Although unusually dark outside with no visible moon and few streetlights, Caroline still knew every curve in the road. As a teenager, she and her friends had sometimes partied in the rocky hills behind the Chatsworth Reservoir. The area, also known as the Devil’s Canyon, had been made infamous in the late ’60s by the Manson family and to this day served as a kind of proving ground for adolescents. It had also made the news when claims of toxic runoff from a nearby rocket-testing facility made locals fearful their drinking water could be contaminated with a substance known to damage the thyroid. She thought it sad that such a naturally beautiful area had been saddled with such negativity.
She turned on her stereo and pressed the button on her steering wheel to roll her window down a couple of inches and let in some fresh air. As she passed Bryant Drive on the right, she braked in anticipation of the abrupt right turn ahead that took her around the large bluff in the road. She hugged the curve, slowly
negotiating the sharp corner until she came out of it on the other side. She first noticed the debris on the asphalt straight ahead. Her headlights illuminated pieces of broken glass and jagged metal. Then she saw the older-model sedan smashed against the side of the cliff, an unexpected outgrowth. A figure dressed in black ran away from the car. Caroline braked quickly and pulled over onto the shoulder of the road, getting out of her car just as the man started his motorcycle and sped down the canyon in the opposite direction. She immediately dialed 9-1-1 on her cell phone and ran over toward the wreckage.
“There’s been an accident on Box Canyon Road in Chatsworth. I believe it’s the four hundred block, right near Bryant Drive.” She walked up to the car and looked inside. “Hello . . . can you hear me? Hello?” Her call disconnected.
She looked down at the female driver, reached through the broken window, and took her pulse at the wrist.
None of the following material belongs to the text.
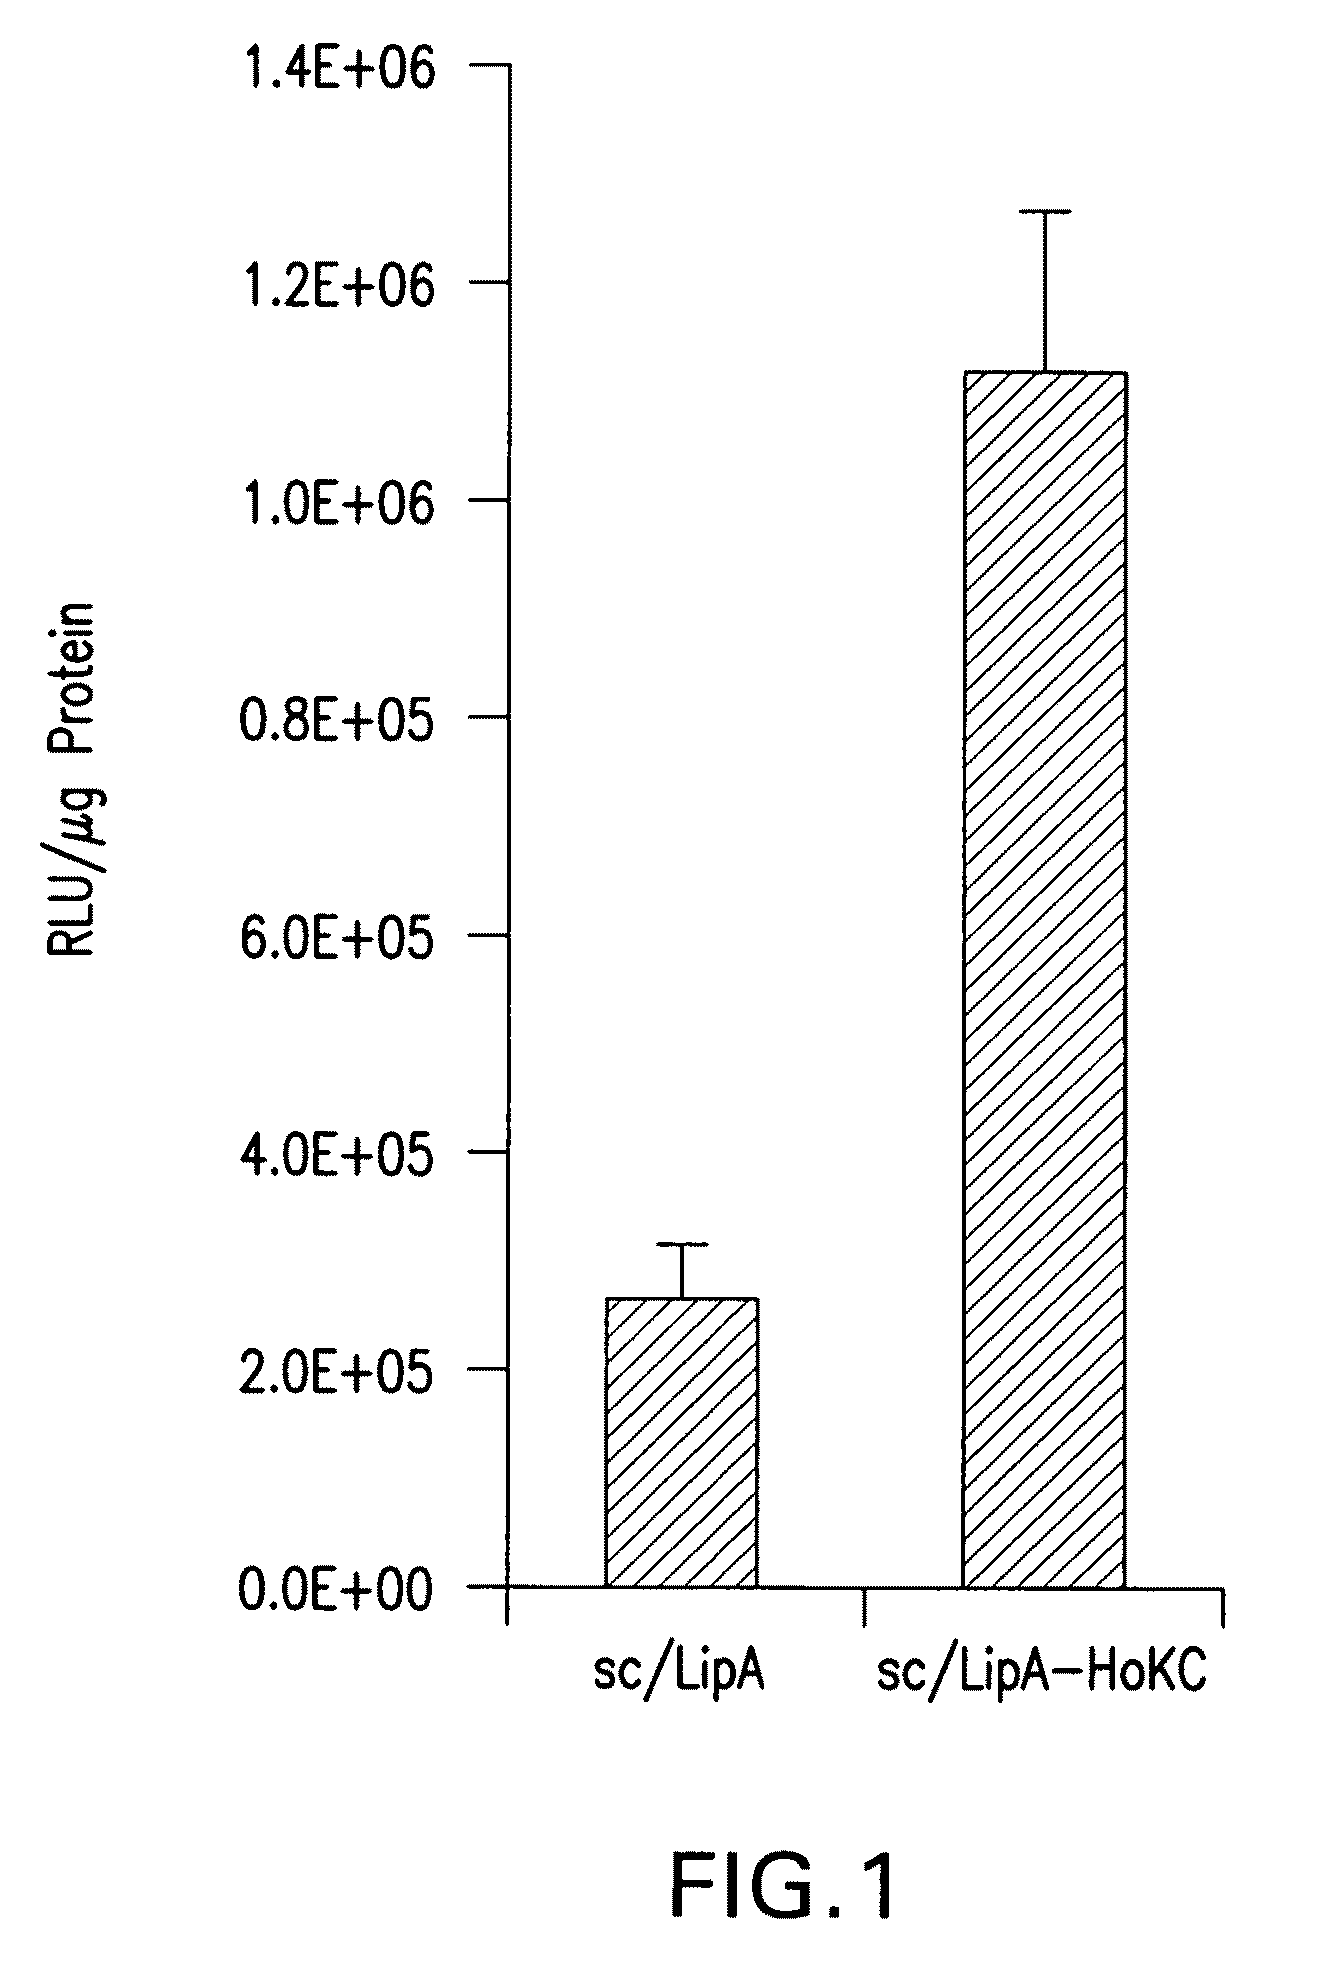 Methods for generating immune response using cationic-liposome-mediated nucleic acid delivery

She couldn’t feel anything, so she tried her neck. The woman’s nose was bloodied and her eyes were only halfway open. Caroline felt no pulse in her neck either. She shuddered; the woman looked familiar. She returned to her car, took a flare out of her trunk, and ran to place it in the middle of the street on the side of the bluff leading up to the site of the accident. She became winded almost immediately and stopped to catch her breath. Again, she dialed 9-1-1 on her cell phone, but she couldn’t get any reception. She walked farther down the street but still received no dial tone. The night air was crisp, and a cold breeze blew through the canyon. Caroline returned to her car to retrieve her sweater from the back seat. When she walked back toward the wreckage, she noticed the baby for the first time. She didn’t cry but squirmed and grunted softly, waving her fists in the air.